Good job (in the nicest and most respectful possible way) that he's not around to post in our 75 word challenge - we wouldn't stand a chance! That's Asimov I'm talking about by the way!

Incidentally Wiki list About Nothing as being published 1977


----------



## RJM Corbet

Ain't that the truth ... 
	

	
	
		
		

		
		
	


	




 Asmov? Nah! Not judging by that ... But Mertyq, you have my attention -- how do you dispute that gravity drives (holds) the universe?


----------



## Metryq

RJM Corbet said:


> But Mertyq



Actually, it's "Metryq." I grew tired of being told that a certain name was already in use whenever I tried to join a forum. And I wanted something that I could use anywhere. The solution seemed to be in a unique spelling. Wikipedia lists the US as one of only three nations left on the planet _not_ officially switched to the Metric system. (My fellow countrymen are stubborn about such things.) Anyone in science or medicine uses Metric. That leaves only some engineers and perhaps auto mechanics. (I've actually run into carpenters who use Metric!) Anyway, "Metryq" is what I came up with. Short and unique. (Well, _I'm_ not short. 193cm.)



> you have my attention -- how do you dispute that gravity drives (holds) the universe?



Well, _I_ don't dispute it, but people far more qualified do. I'm just a technician and armchair fan of science. It seems there's no end of books and pop-science documentaries for the layman pushing the Big Bang theory. Yet from what I've seen the theory has more holes than a colander. And the "patches" are absolutely absurd—like the kinds of things a desperate PR firm might say to rescue a political candidate whose own record has irretrievably torpedoed him (e.g. Guth's inflation). 

I think the first pillar of the Big Bang was erected from the redshift recordings of Edwin Hubble (and Milton Humason), then coupled with Einstein's gravity as a way to make it work (warped space curving back on itself). Yet Hubble disagreed with the Doppler explanation for redshift. The work of Halton Arp (and others) showed an alternative explanation for redshifts—which at the very least should throw uncertainty onto redshift as a reliable distance indicator. 
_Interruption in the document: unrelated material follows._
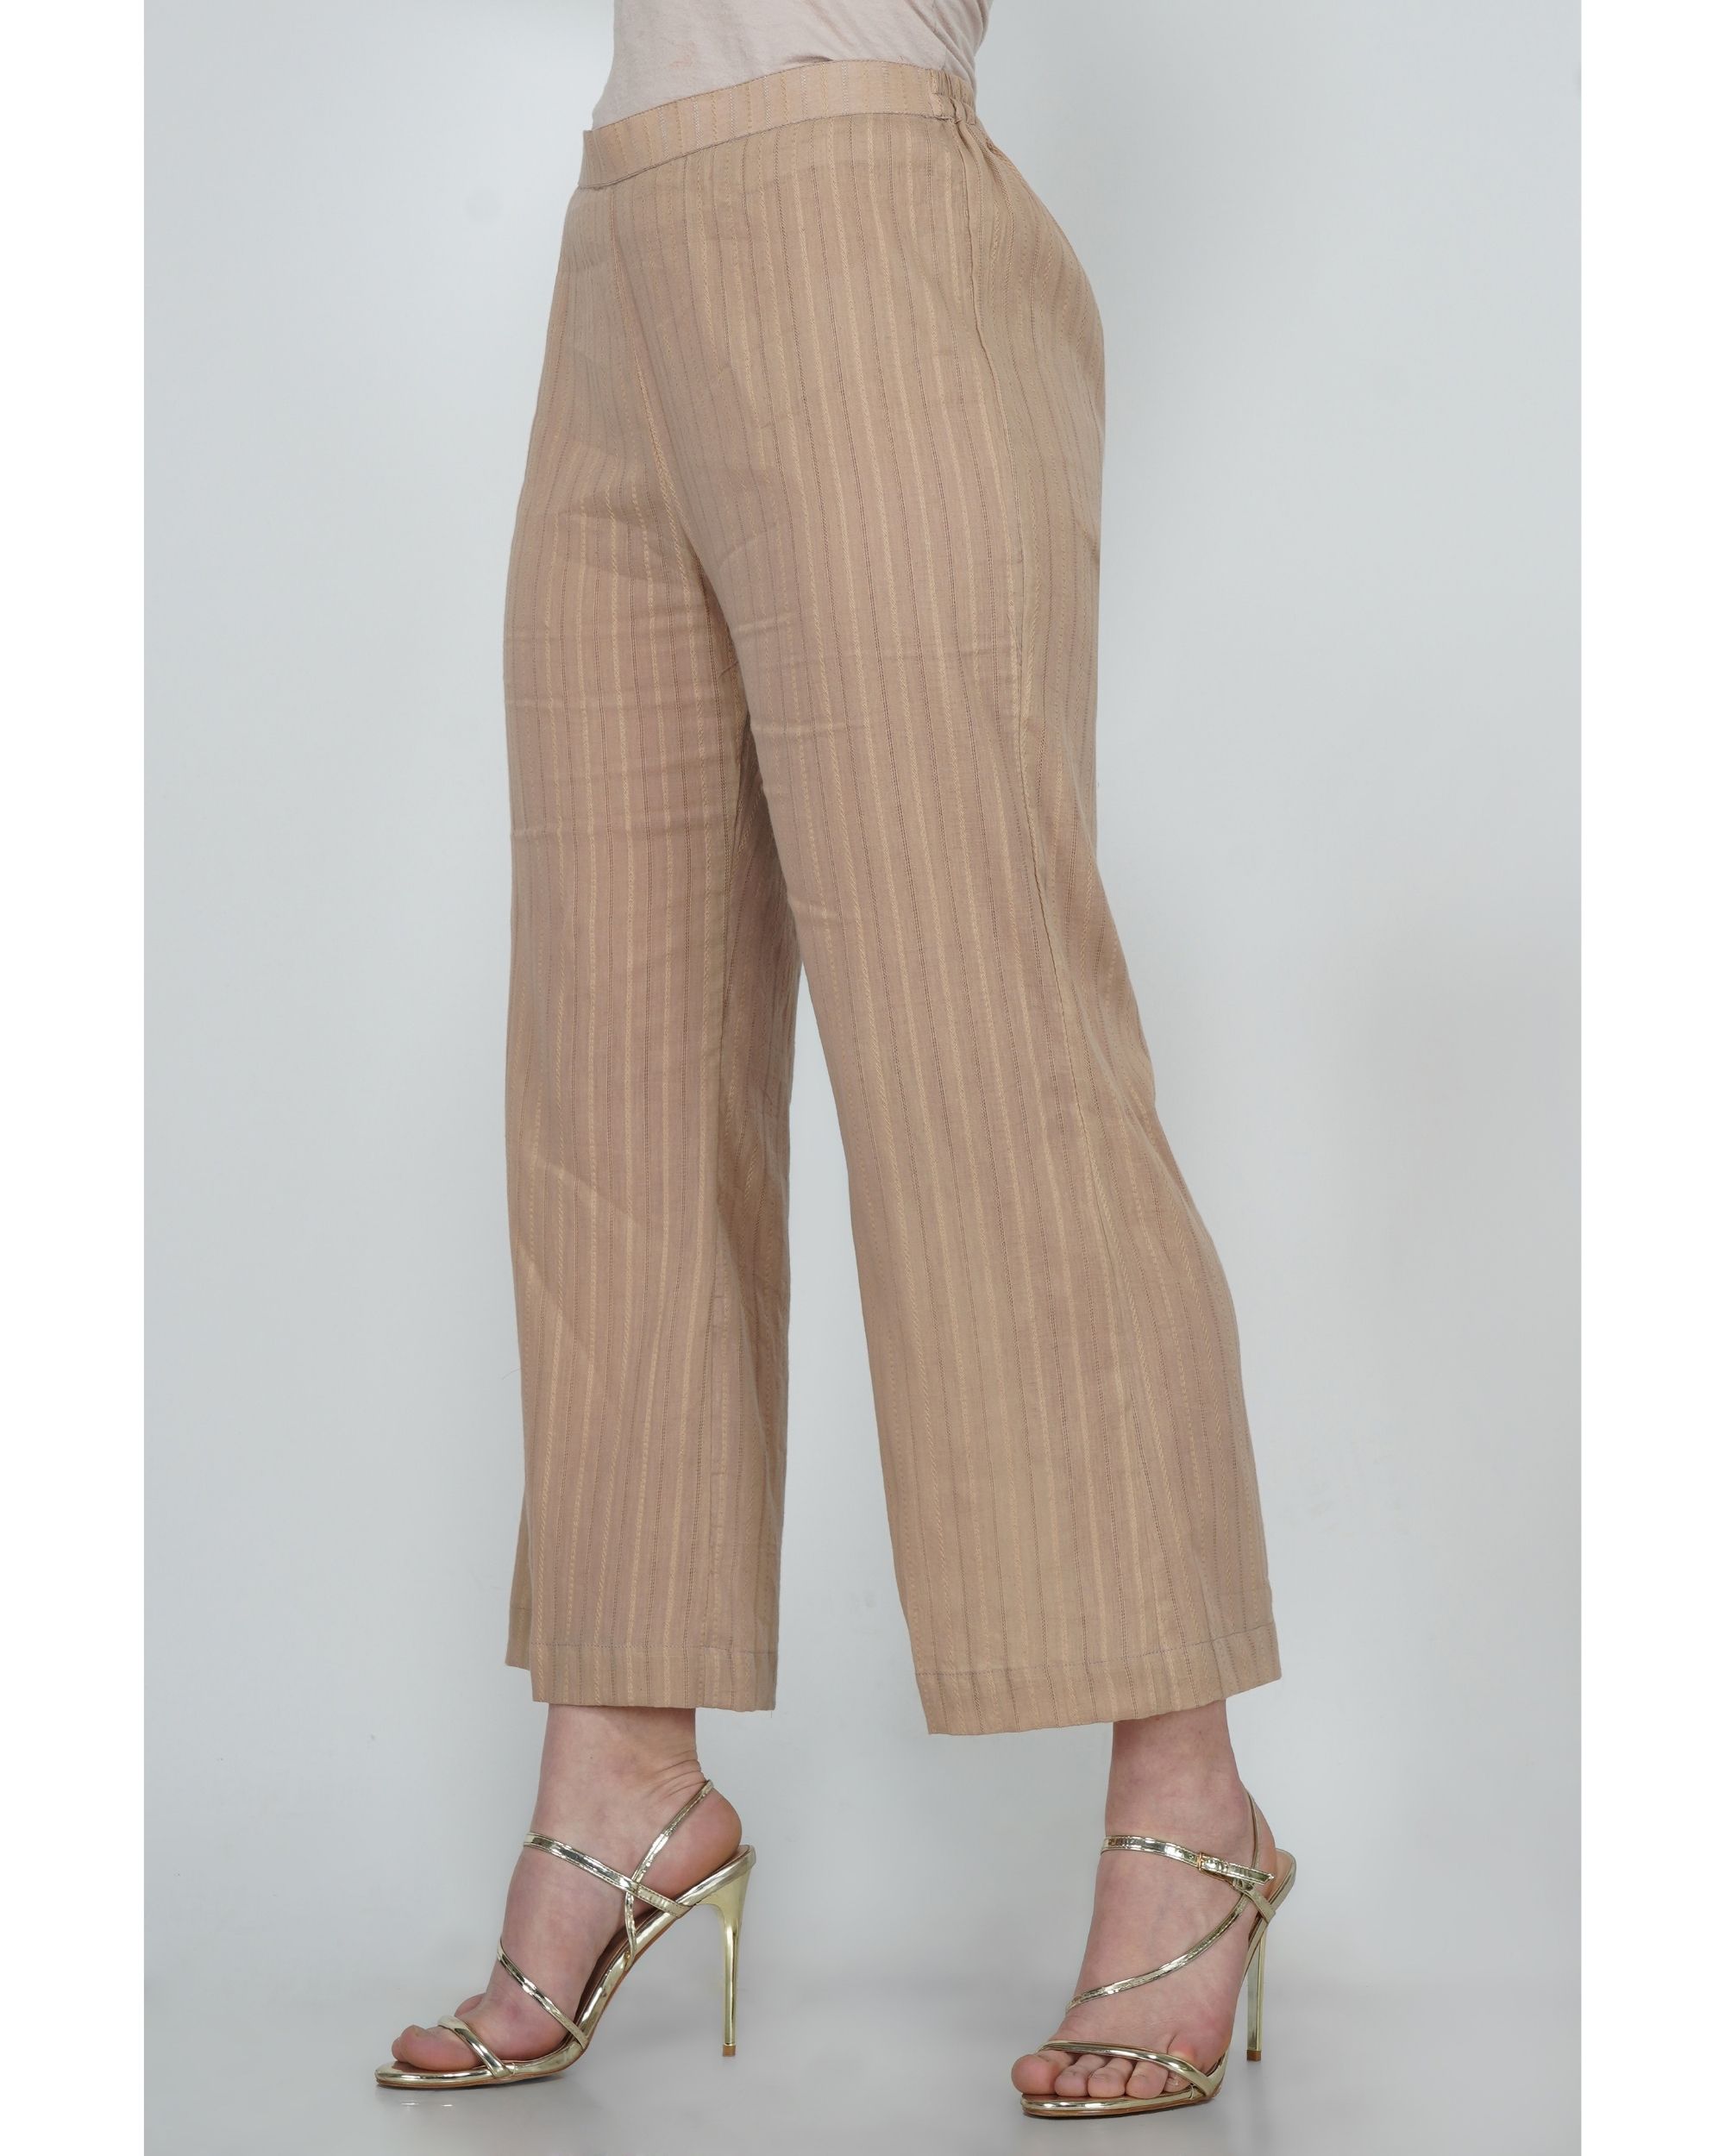 Champagne striped leno cotton pants by Vintage Loom | The Secret Label

(Arp's work covered quasars, which Big Bang theory places at the "event horizon" of the universe and spewing out such tremendous energies that the numbers are hard to believe. Yet they also display changes suggesting they are about the size of a solar system—either that or the changes are occurring far faster than the speed of light.)

There's so much detail that I can't go into with the limited space of a forum post. But this all sounds like a job for Occam's razor: never build a Rube Goldberg machine when a simple can opener will do the job. 

There's no ether because the Michelson-Morley experiment didn't find any fringing. Ah, but a later experiment in 1925(?) did find fringing. The basic difference between "Lorentzian Relativity" and Einsteinian Relativity is the warping of space in ER—and the fact that the speed of light is not a limit in LR. But the "warping" was proven by stars near the edge of the sun during a solar eclipse! There are alternative explanations for that. No experiment to date can declare ER the winner over LR, yet "everyone" seems to think Einstein's work is ironclad.

All of it comes down to the Big Bang somewhere. And even with holes in that theory bigger than Clavius crater, theoreticians cling to it. I actually read a quote from one astronomer acknowledging the train wreck that is Big Bang, yet opining that even a horribly broken model is better than no model at all.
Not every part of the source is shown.